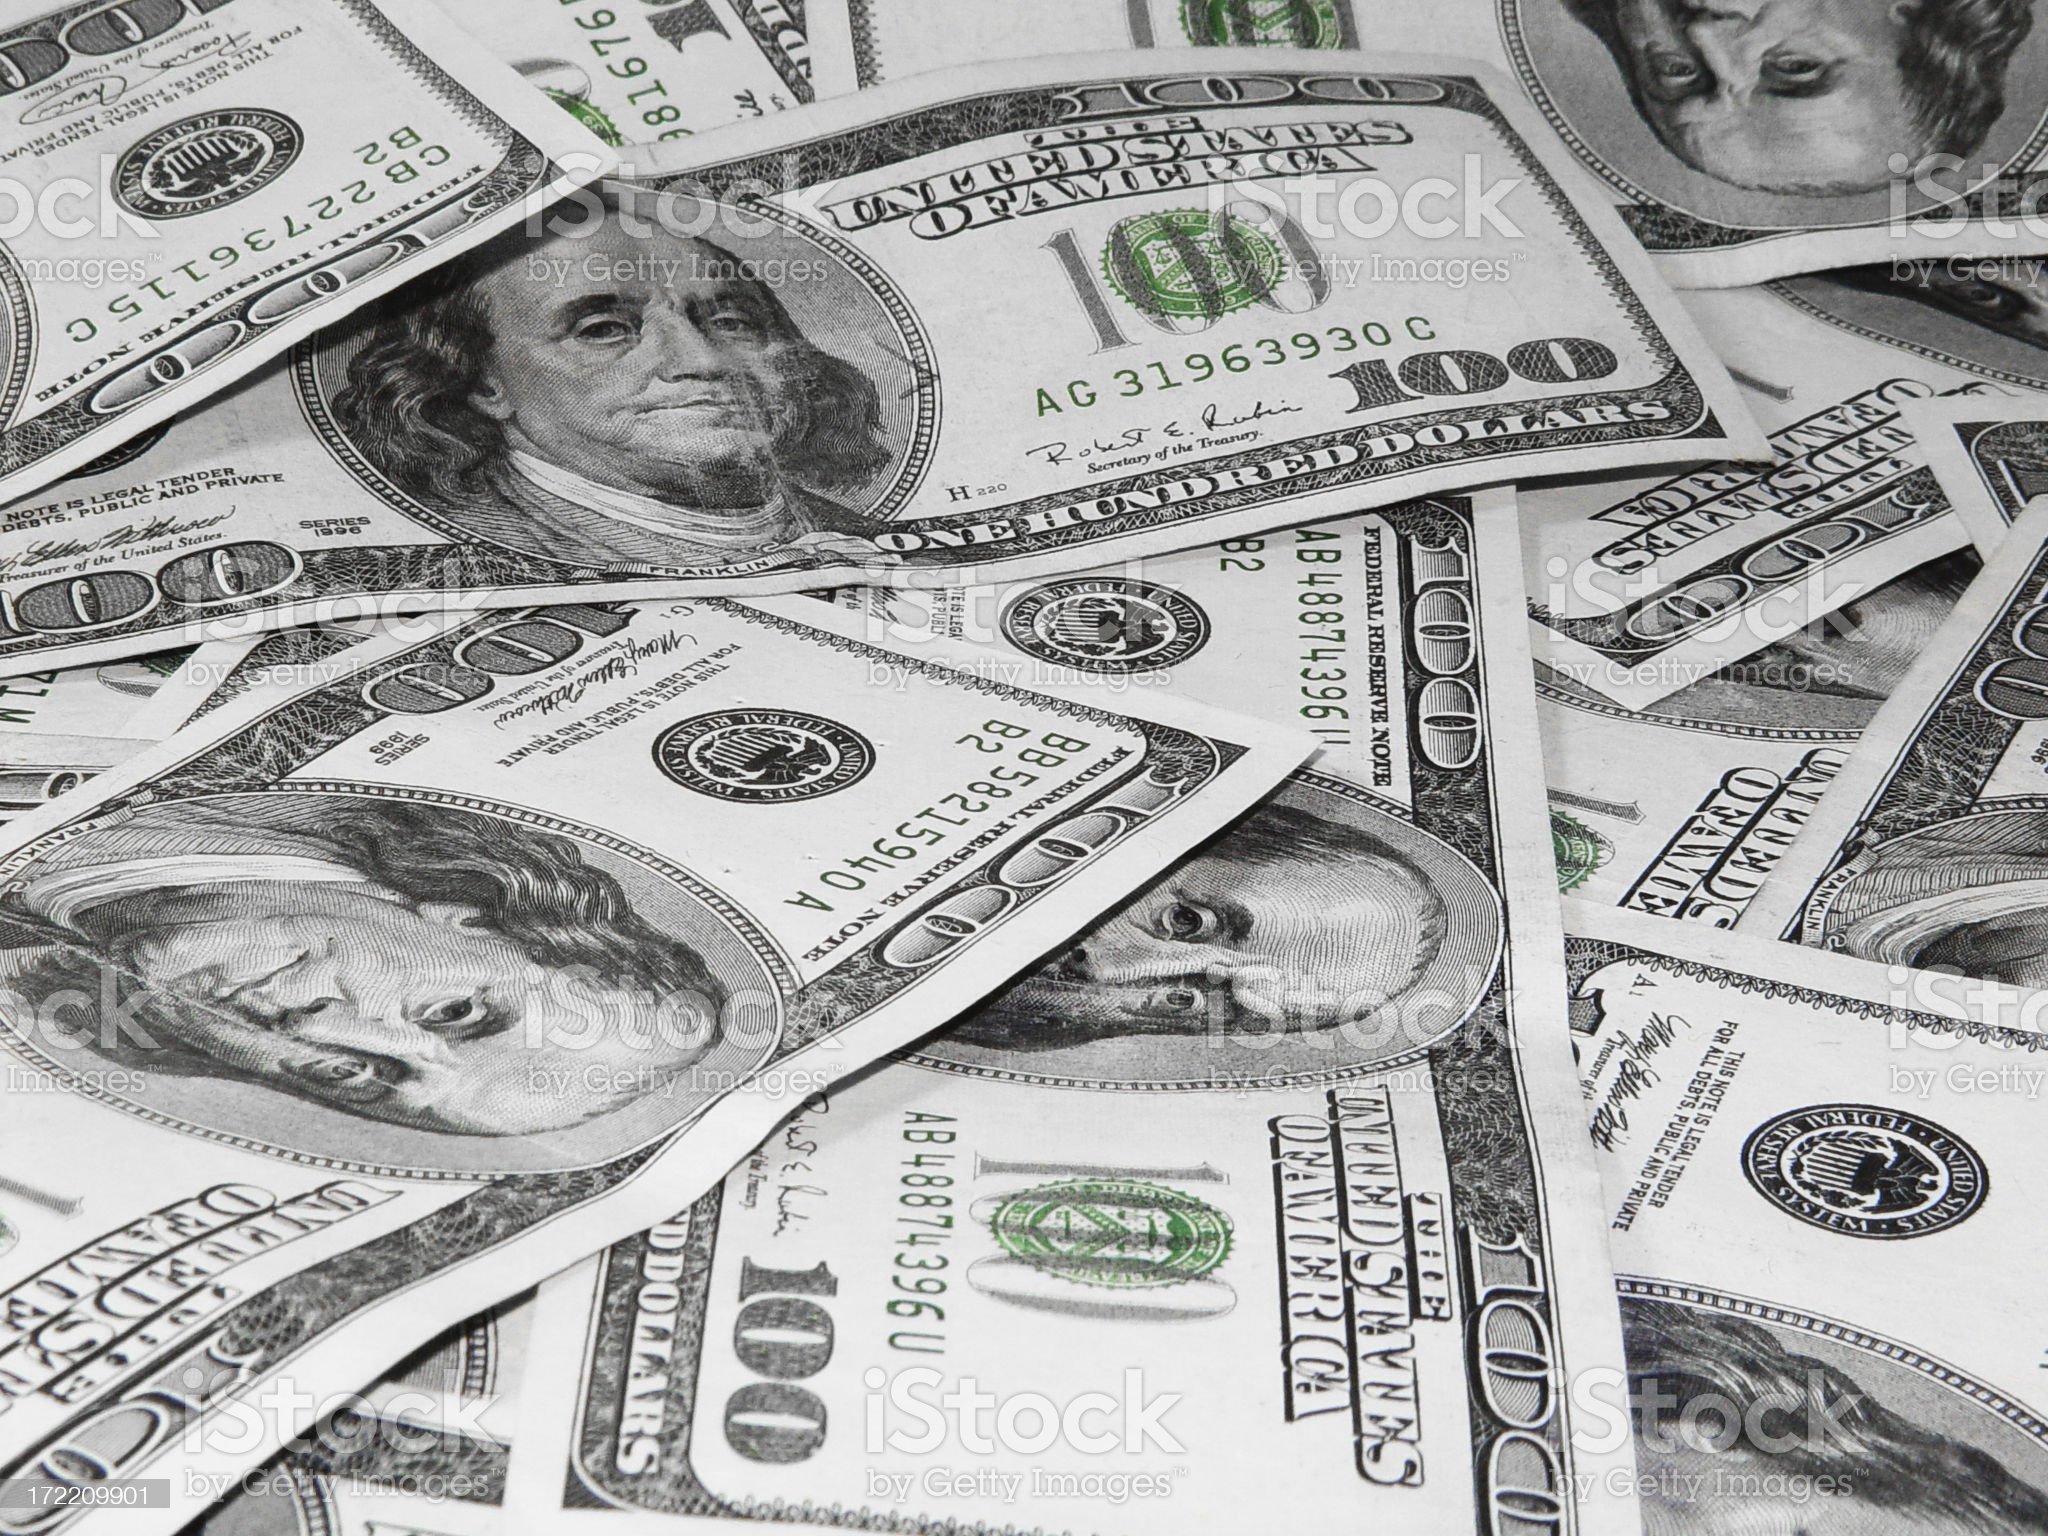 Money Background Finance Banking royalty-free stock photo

--

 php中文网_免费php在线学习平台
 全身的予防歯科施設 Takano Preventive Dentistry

## [Exercise details]
Reproduce exactly the lines of the records above from the one with "php中文网_免费php在线学习平台" to the one with "全身的予防歯科施設 Takano Preventive Dentistry", both included, and leave out everything else.

## [Exercise answer]
 php中文网_免费php在线学习平台
 全身的予防歯科施設 Takano Preventive Dentistry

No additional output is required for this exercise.